How have I never seen this before? DC Challenge seems like it’d be so far up High Five’s alley, I’m pretty sure it has to buy us breakfast in the morning. Check it.

According to legend (or the back pages of issue one, whichever), Len Wein, Gerry Conway, Marv Wolfman, Mark Evanier, Bill Rotsler, and Bill Warren all ended up piss-drunk at some Marvel party at the Executive Hotel during 1983’s San Diego Comic Con. Describing it as a “sauna,” they all retreated to the roof to air out a bit. While up there, Evanier suddenly came up with the idea for a year long round-robin style maxiseries between eleven DC writers and twelve DC artists, announced it, and got the ball rolling. By the time security showed up and kicked them off the roof, Dick Giordano had approved the project and the order of collaborators was set: Evanier, Wein, Doug Moench, Paul Levitz, Mike Barr, Elliot Maggin, Paul Kupperberg, Conway, Roy Thomas, Dan Mishkin, and Marv Wolfman (with Cary Bates) would write while such DC greats as Carmine Infantino, Gil Kane, Dave Gibbons, Giordano, Don Heck, Curt Swan, Keith Giffen, George Perez and others (goddamn!) would tackle the art.

Finally, the rules were established. Each issue would end in a near impossible cliffhanger (or five) that the next author would have to figure out how to fix. The previous author would also get to name the next issue, which would have to tie in at some point. Meanwhile, the two writers couldn’t talk to each other about the project at all. Considering that this book was pretty much a gigantic experimental exercise in comic writing, the authors started getting just plain sadistic trying to fuck each other over with titles such as “If This is Love, Then Why Do My Teeth Hurt?” and “If There’s a Hole in Reality, Is Life a Cosmic Donut?”

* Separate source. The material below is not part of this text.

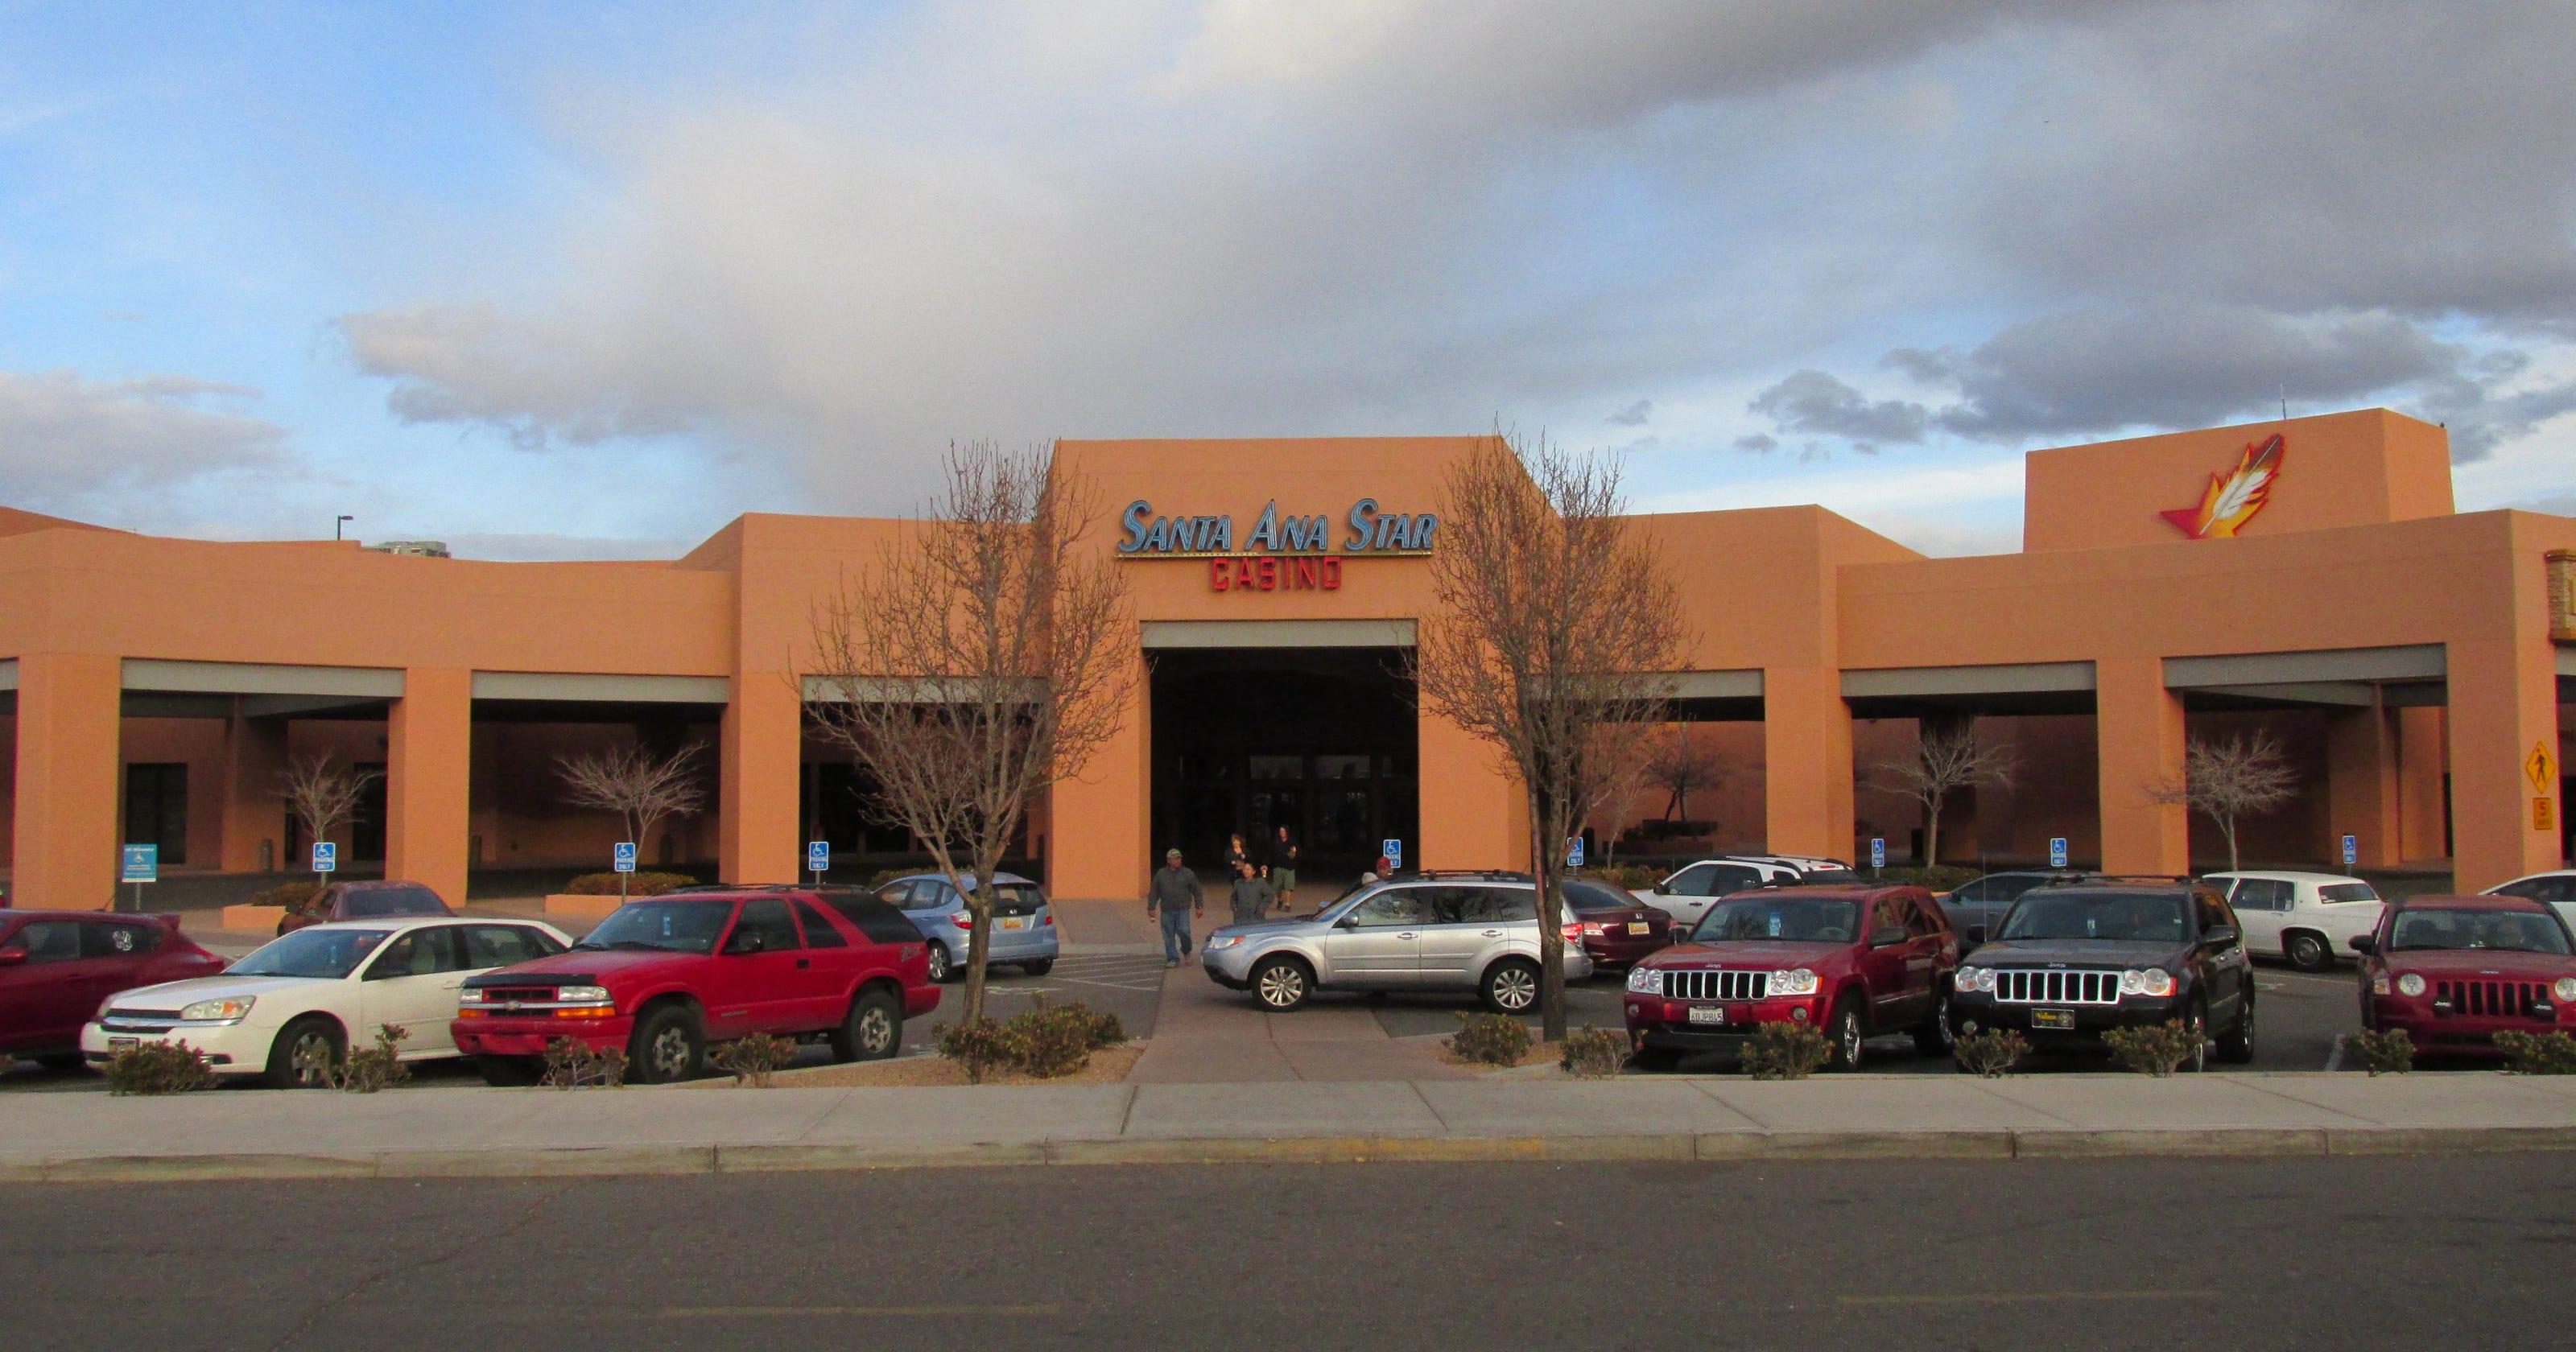 Las Cruces Nm Hotel Deals

Writers could use any characters from the DCU with the exception of any they were writing for at the time. This led to a ton of awesome rarely-used Golden and Silver Age characters popping up such as the Space Cabby, Darwin Jones, Son of Vulcan, and Woozy Winks. Considering that between it’s conception in 1983 and it’s actual release starting in November 1985, that whole Crisis on Infinite Earths thing started making this so non-canon. As a matter of fact, this really kind of helped make DC Challenge a send off to the multiverse.

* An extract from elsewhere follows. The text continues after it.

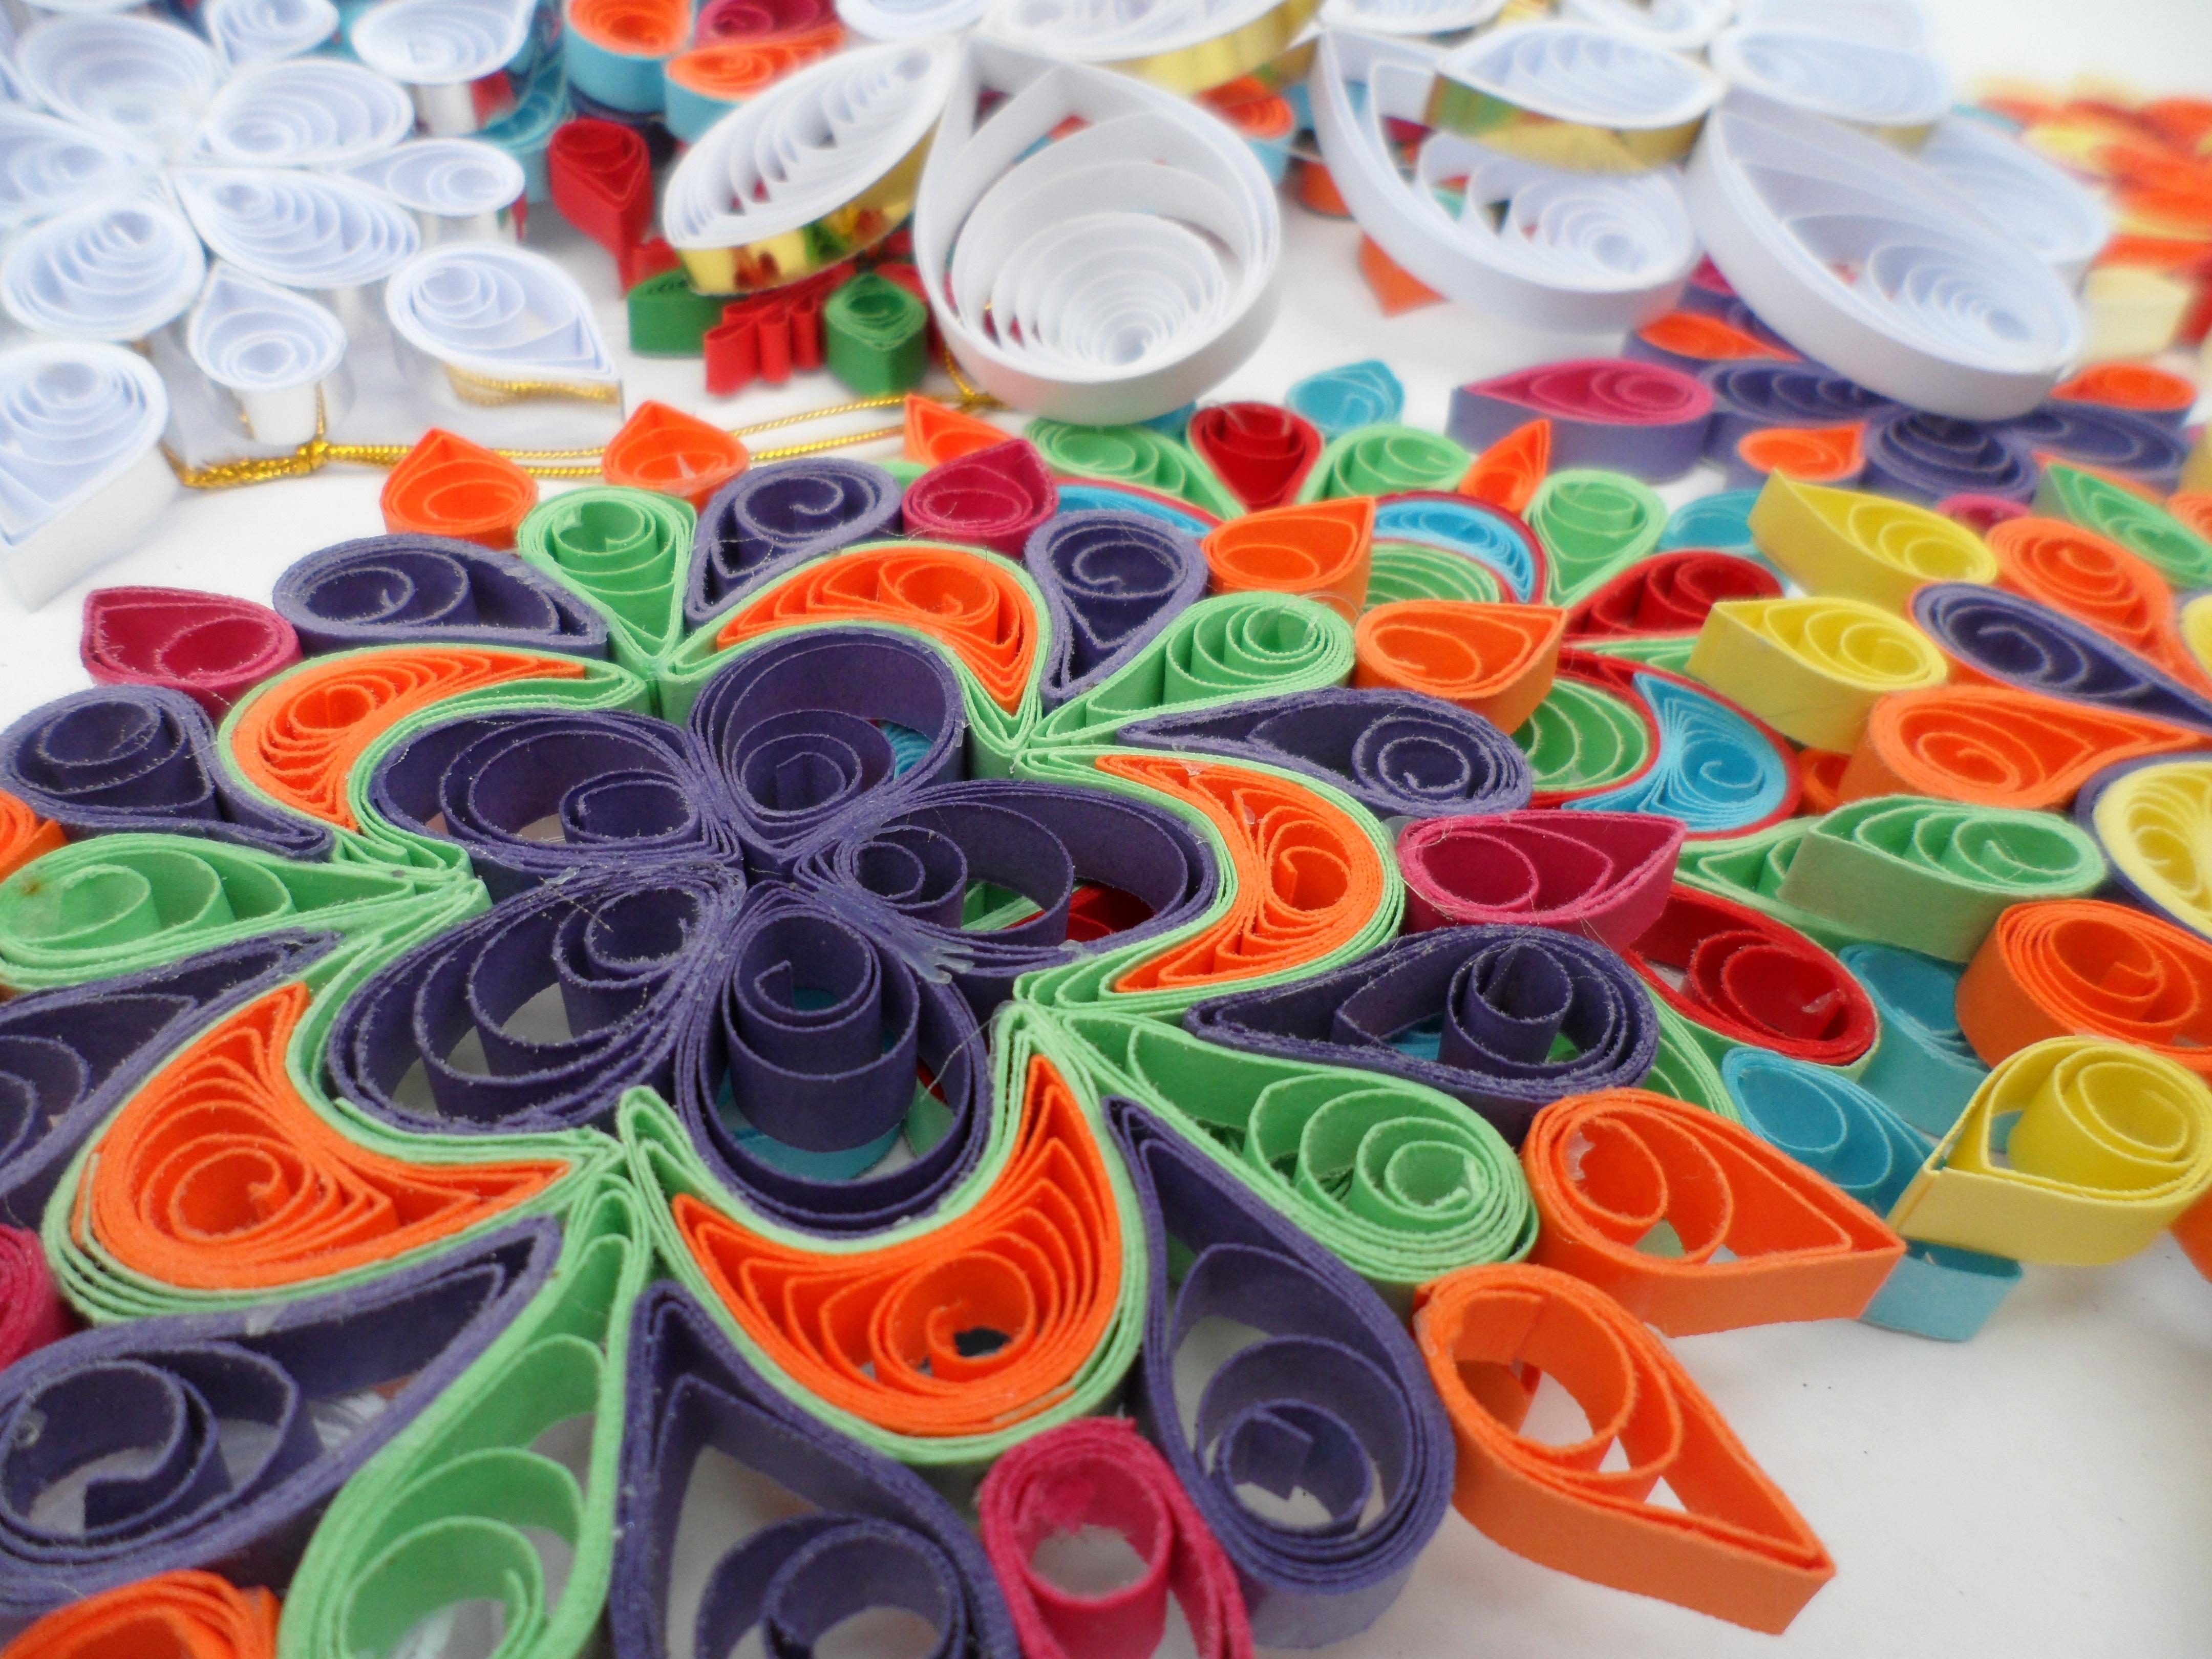 Free Images Wheel Flower Petal Pattern Color Circle Art

So, what’s it all about? Well, that’s a bit of a clusterfuck. A race of aliens known as the Moltanians discover that when they die their souls inhabit the bodies of demons in the netherworld. A Moltanian named Bork started the Black Counsel, whose intention was to transport the demons to both Rann and Earth, where the “fabric of reality is much thinner” (thanks to a half-melted Darkseid, apparently). The Guardians of the Universe try their damnedest to prevent it and end up hiring another Moltanian named Kaz to fix everything. Easy enough, right?

Yeah, not really. They try to fix shit by sending a bunch of the heroes to different periods in time where they think they’ll do better. Instead, the Nazis find a spaceship sent back with the Blackhawks and win World War II. Uh, hooray?

As a whole, this book suffers from that old adage “too many cooks in the kitchen.” In theory, yeah, having all these well known writers and artists on one project would be totally awesome! In practice, you get “We Are the World.” In the back of the last issue, DC Challenge‘s Robert Greenberger summed it up when he muses about how “Amazing Heroes says we’re exploitive and Comic’s Journal complains we don’t make any sense.” No shit, it doesn’t make any sense! I mean, how does Aquaman hydrate himself after getting trapped in the middle of the Sahara Desert?

Delicious, delicious vulture juice.

Granted, this book is an interesting (albeit accidental) bookend to the pre-Crisis DCU. Unfortunately, it didn’t seem like the finished product was as glorious as intended by those drunken rooftop comic writers. It does raise the question, though: What would happen if DiDio went ahead and gave the okay to a DC Challenge 2?

Oh, right. “We Are the World 25 for Haiti.”